Aim of the task — Will you write out the data exactly, excluding every picture?

[Data shown]

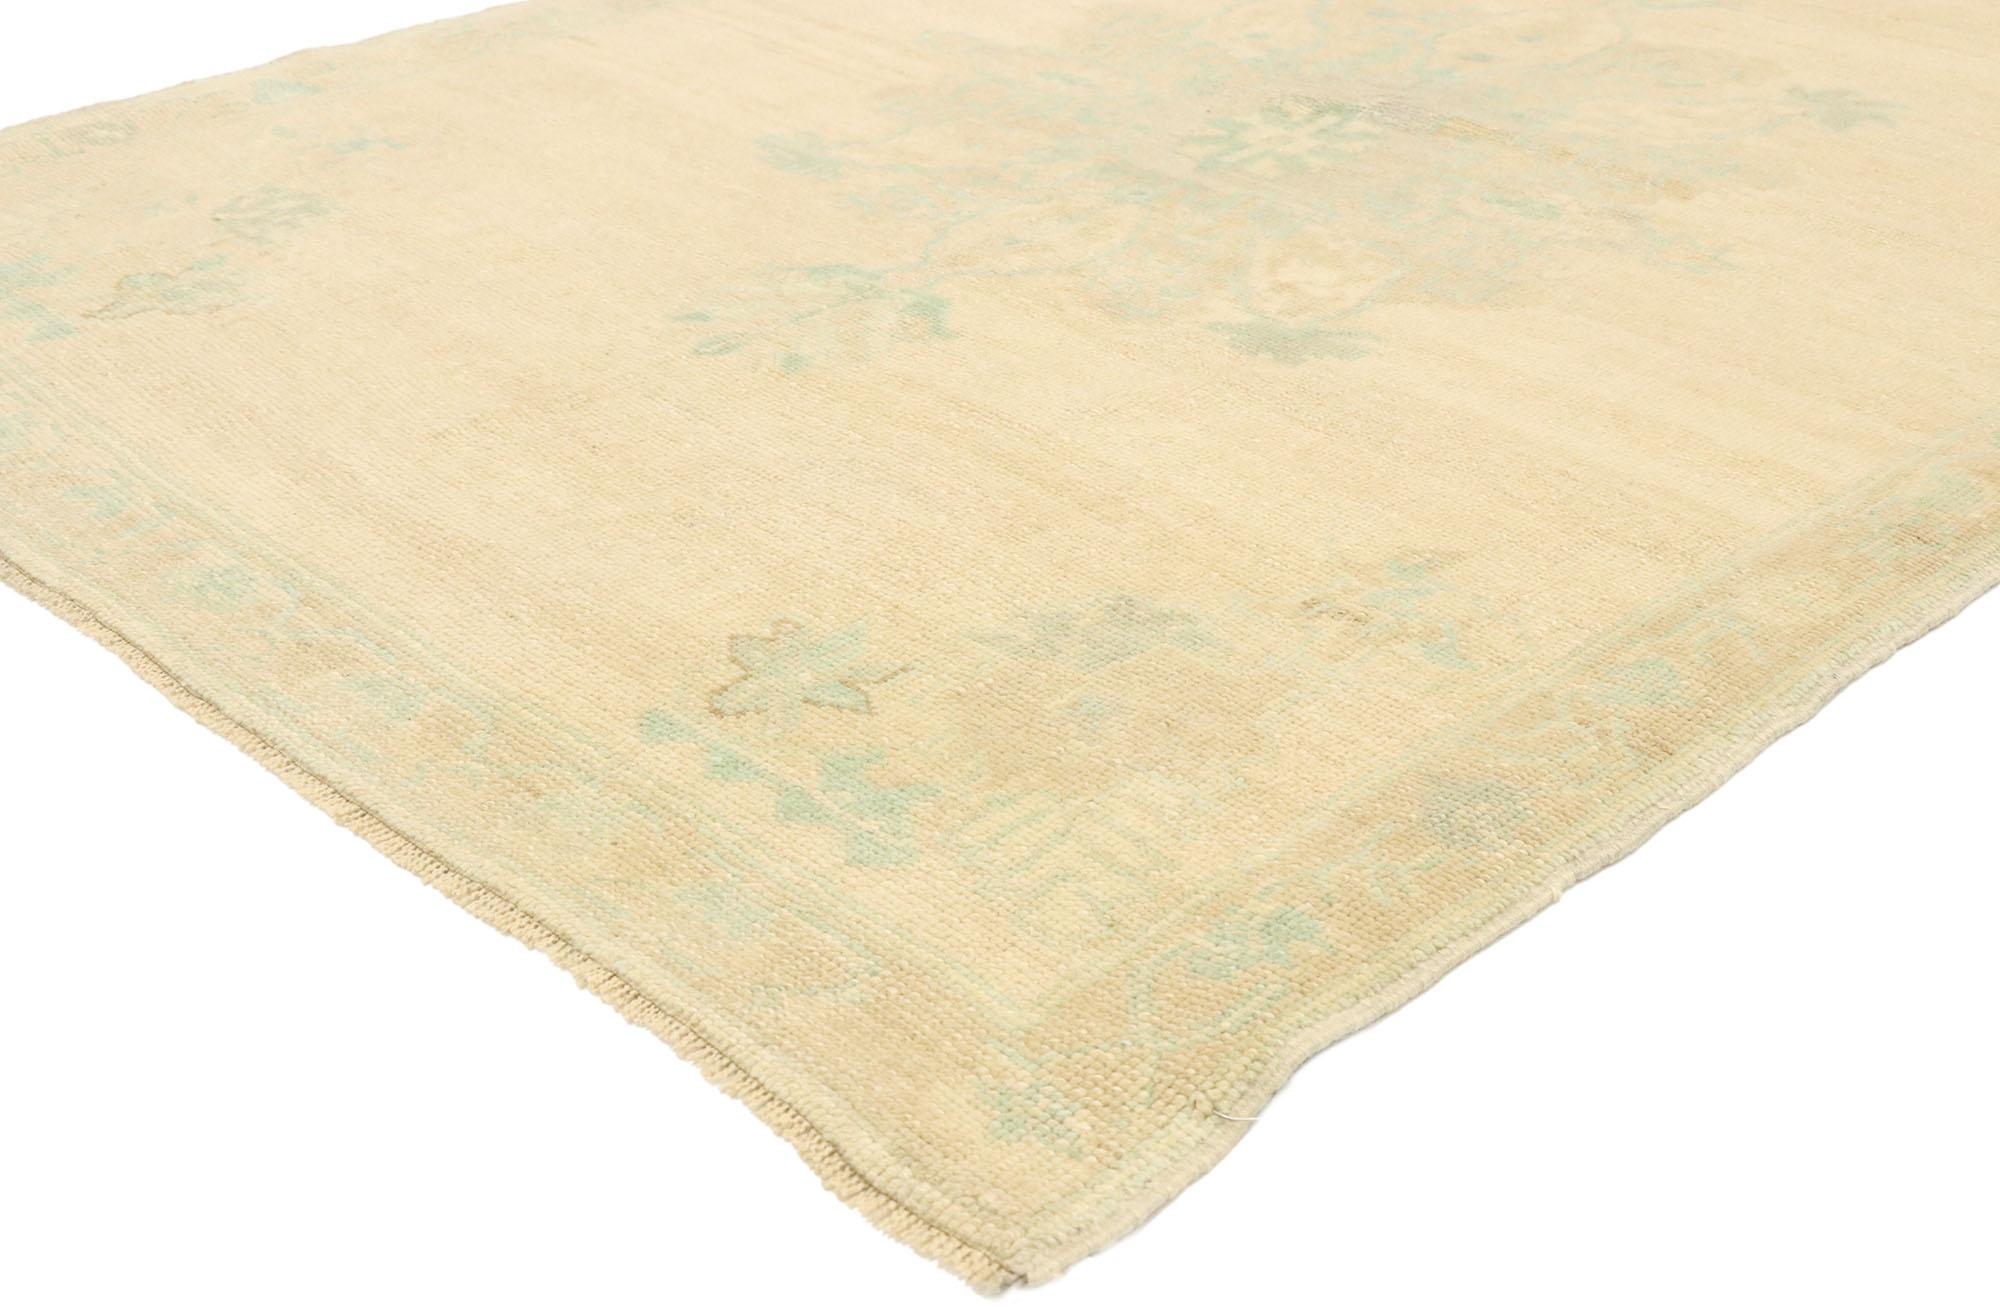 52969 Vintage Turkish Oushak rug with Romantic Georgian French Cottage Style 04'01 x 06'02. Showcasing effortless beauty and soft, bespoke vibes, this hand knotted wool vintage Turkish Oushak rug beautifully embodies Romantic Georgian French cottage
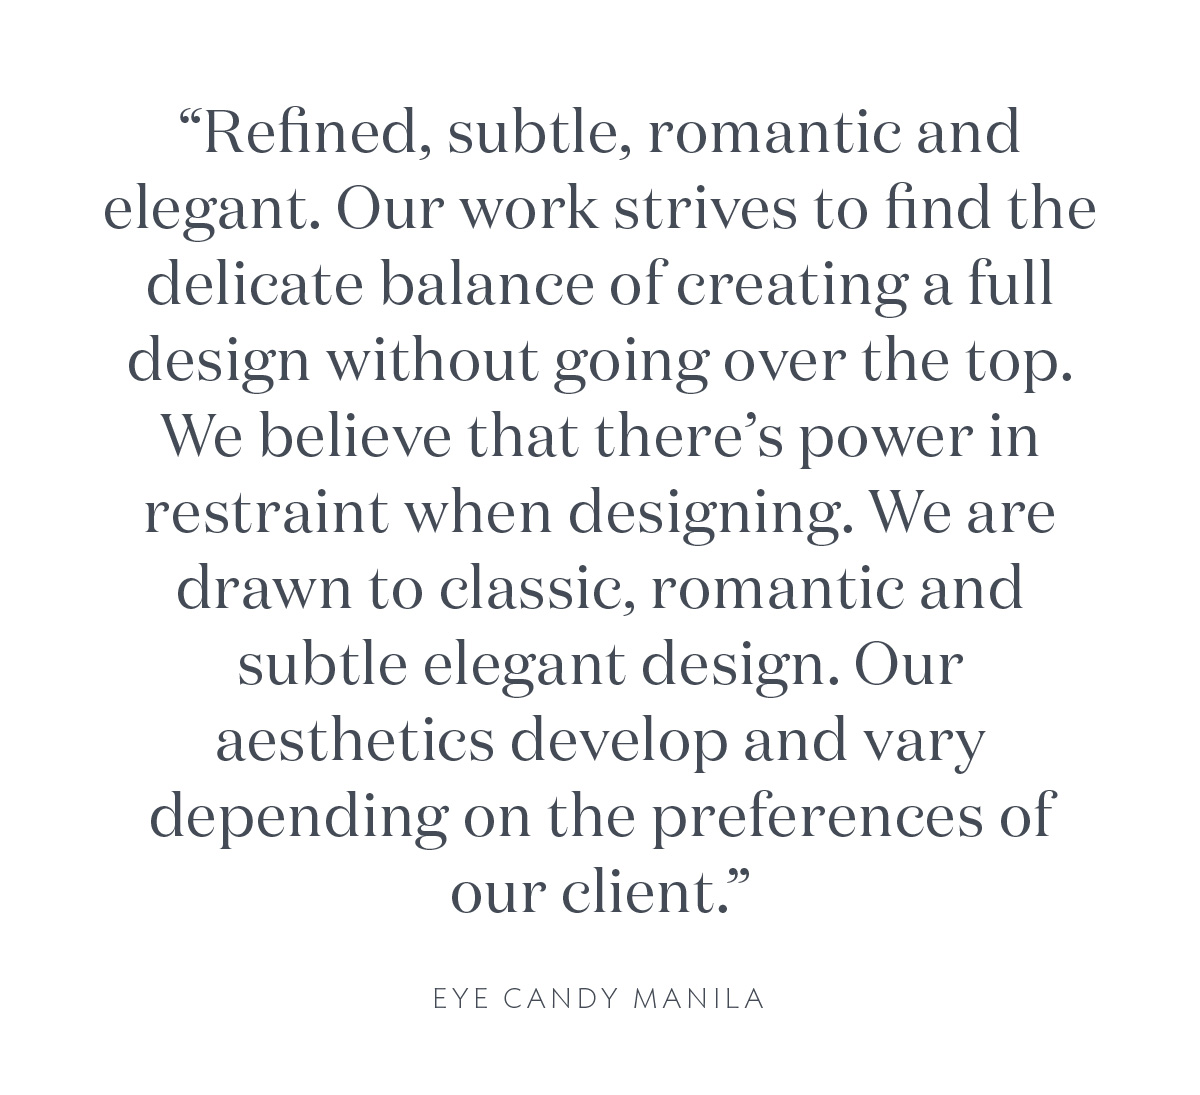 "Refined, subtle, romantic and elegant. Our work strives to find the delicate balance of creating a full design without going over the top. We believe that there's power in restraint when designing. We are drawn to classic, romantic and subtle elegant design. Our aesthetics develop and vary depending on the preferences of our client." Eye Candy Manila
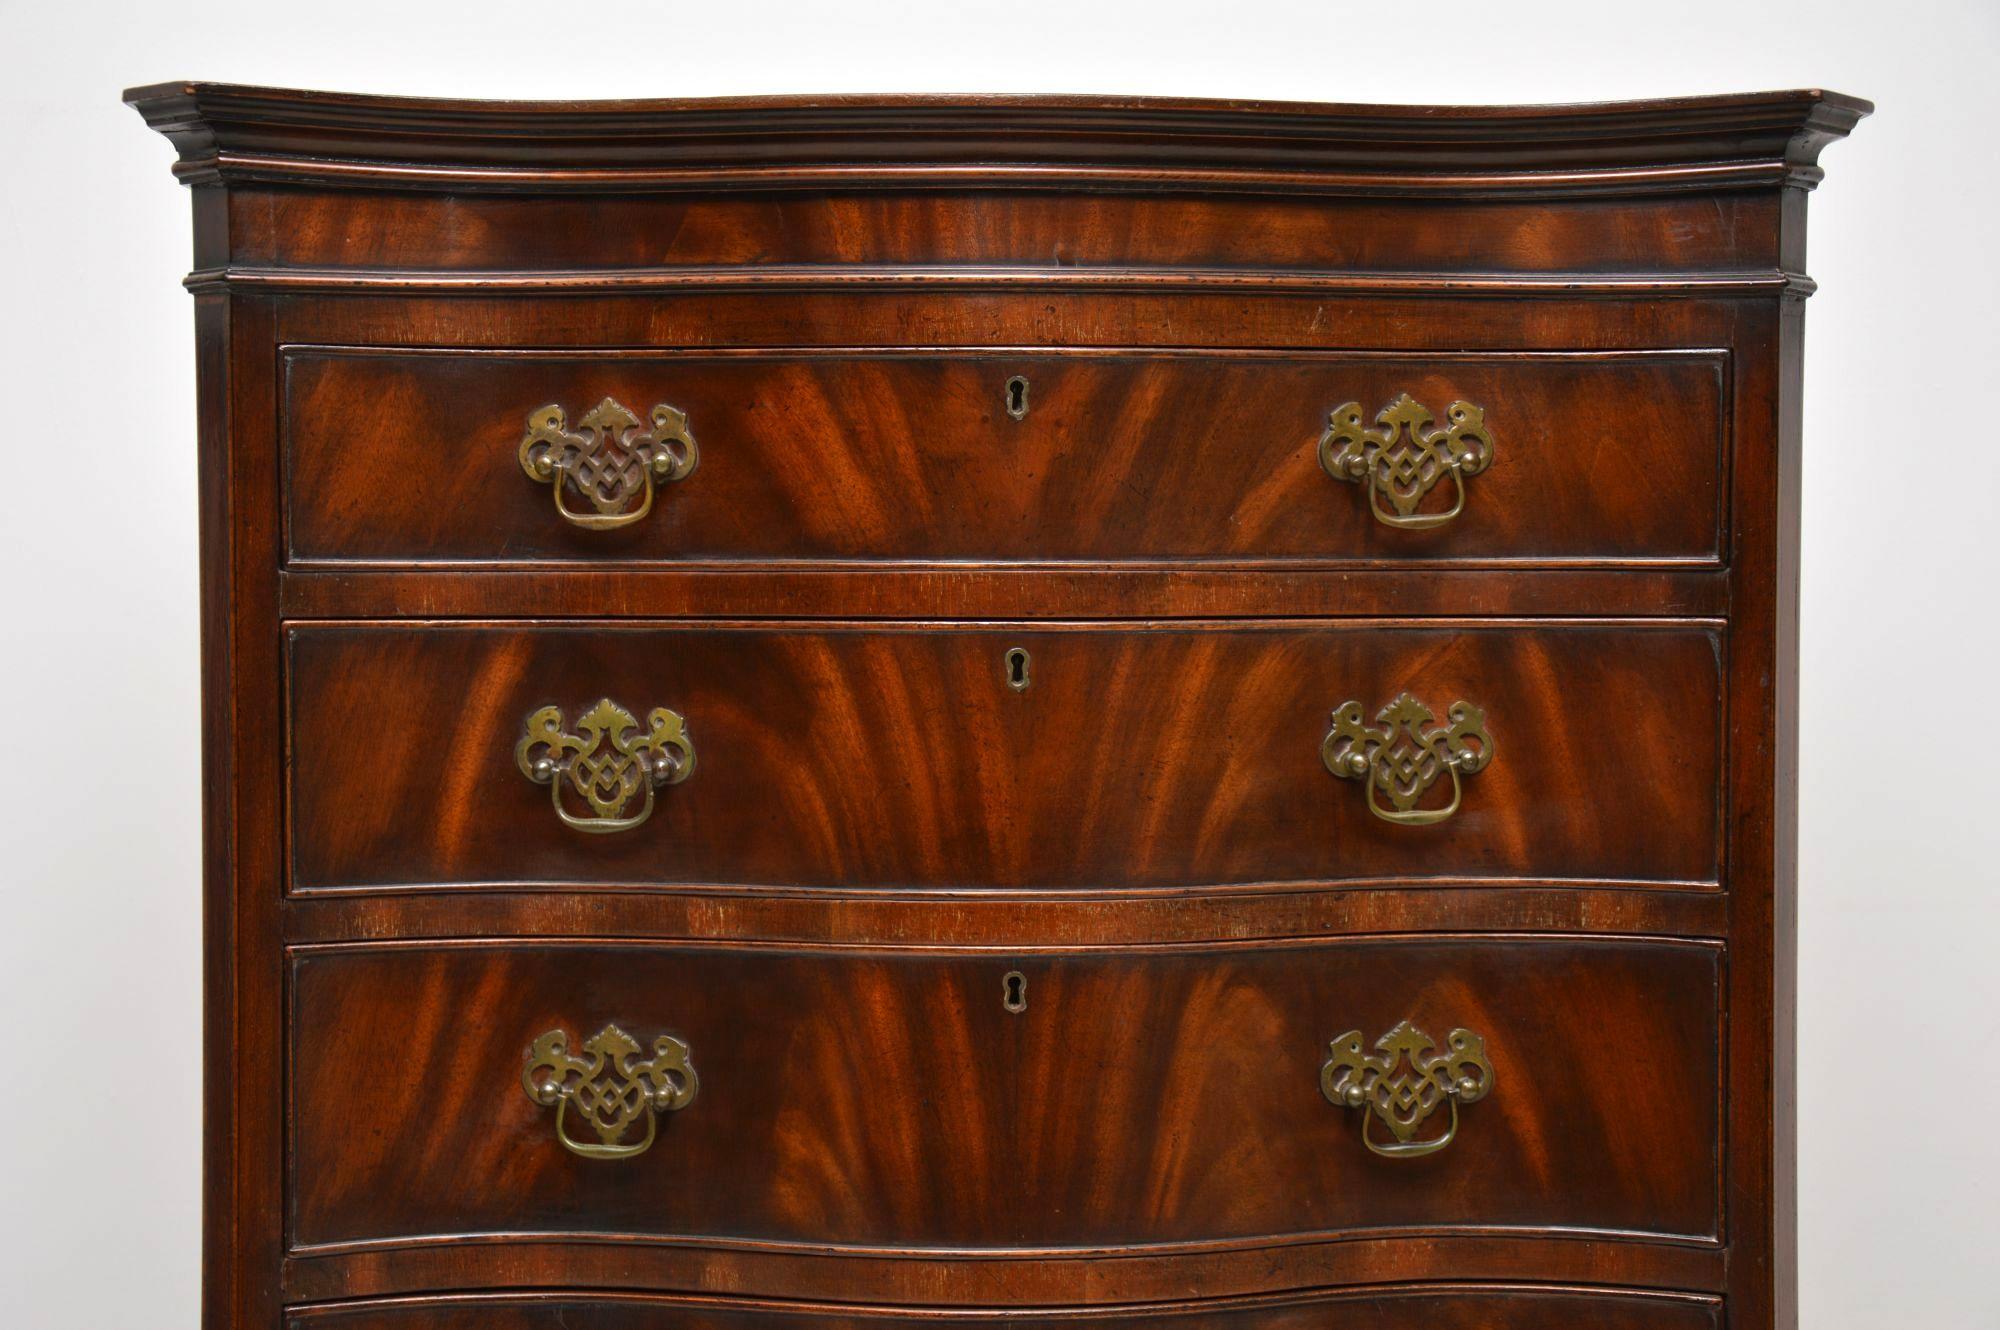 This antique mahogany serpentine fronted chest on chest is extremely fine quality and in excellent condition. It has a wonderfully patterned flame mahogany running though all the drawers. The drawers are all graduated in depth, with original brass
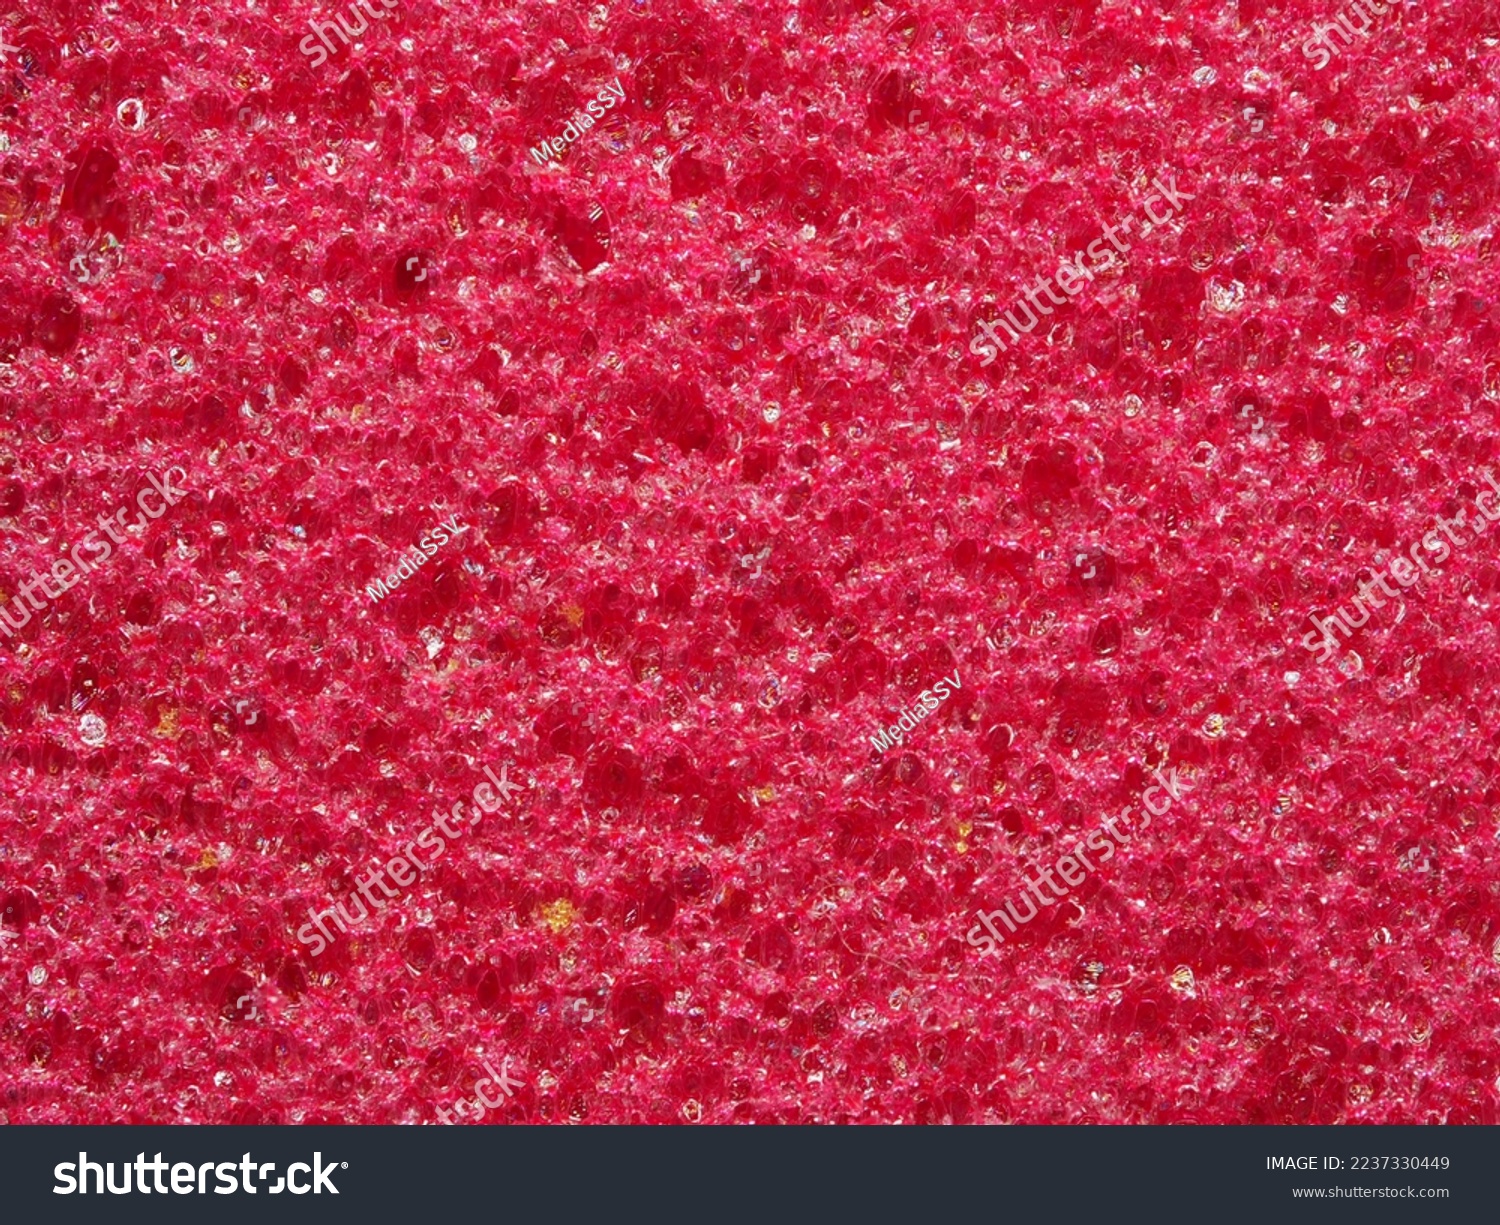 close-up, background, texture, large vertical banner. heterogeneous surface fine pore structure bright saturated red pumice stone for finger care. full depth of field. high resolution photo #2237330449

[/Data shown]

Task answer —
 52969 Vintage Turkish Oushak rug with Romantic Georgian French Cottage Style 04'01 x 06'02. Showcasing effortless beauty and soft, bespoke vibes, this hand knotted wool vintage Turkish Oushak rug beautifully embodies Romantic Georgian French cottage
 "Refined, subtle, romantic and elegant. Our work strives to find the delicate balance of creating a full design without going over the top. We believe that there's power in restraint when designing. We are drawn to classic, romantic and subtle elegant design. Our aesthetics develop and vary depending on the preferences of our client." Eye Candy Manila
 This antique mahogany serpentine fronted chest on chest is extremely fine quality and in excellent condition. It has a wonderfully patterned flame mahogany running though all the drawers. The drawers are all graduated in depth, with original brass
 close-up, background, texture, large vertical banner. heterogeneous surface fine pore structure bright saturated red pumice stone for finger care. full depth of field. high resolution photo #2237330449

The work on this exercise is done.